Midblastula transition (MBT) of the cell cycles in the yolk and pigment granule-free translucent blastomeres obtained from centrifuged Xenopus embryos.

We obtained translucent blastomeres free of yolk and pigment granules from Xenopus embryos which had been centrifuged at the beginning of the 8-cell stage with cellular integrity. They divided synchronously regardless of their cell size until they had decreased to 37.5 microm in radius; those smaller than this critical size, however, divided asynchronously with cell cycle times inversely proportional to the square of the cell radius after midblastula transition (MBT). The length of the S phase was determined as the time during which nuclear DNA fluorescence increased in Hoechst-stained blastomeres. When the cell cycle time exceeded 45 min, S and M phases were lengthened; when the cell cycle times exceeded 70 min, the G2 phase appeared; and after cell cycle times became longer than 150 min, the G1 phase appeared. Lengths of G1, S and M phases increased linearly with increasing cell cycle time.
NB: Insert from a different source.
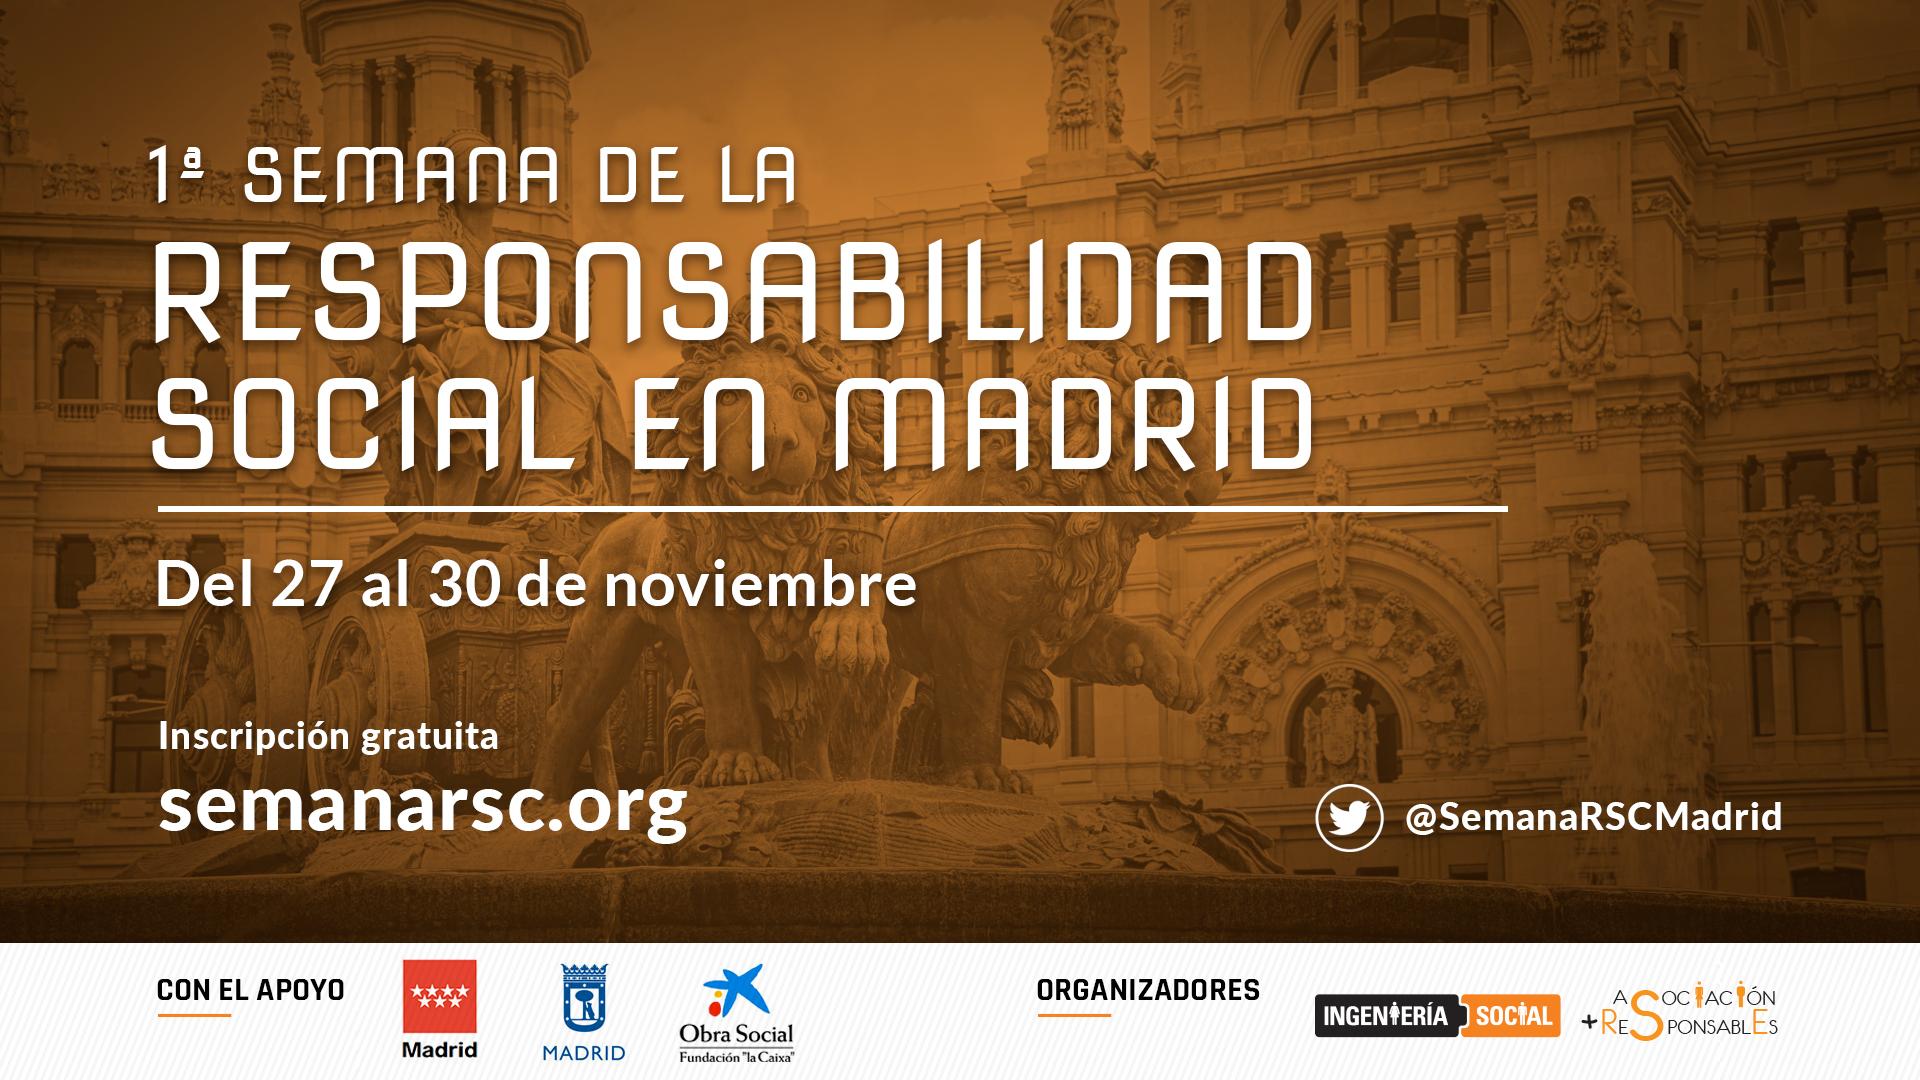 Imagen con el texto 1ª Semana de la Responsabilidad Social de Madrid

Enhanced green fluorescent protein (EGFP)-tagged proliferating cell nuclear antigen (PCNA) expressed in the blastomeres appeared in the S phase nucleus, but suddenly dispersed into the cytoplasm at the M phase. The system developed in this study is useful for examining the cell cycle behavior of the cell cycle-regulating molecules in living Xenopus blastomeres by fluorescence microscopy in real time.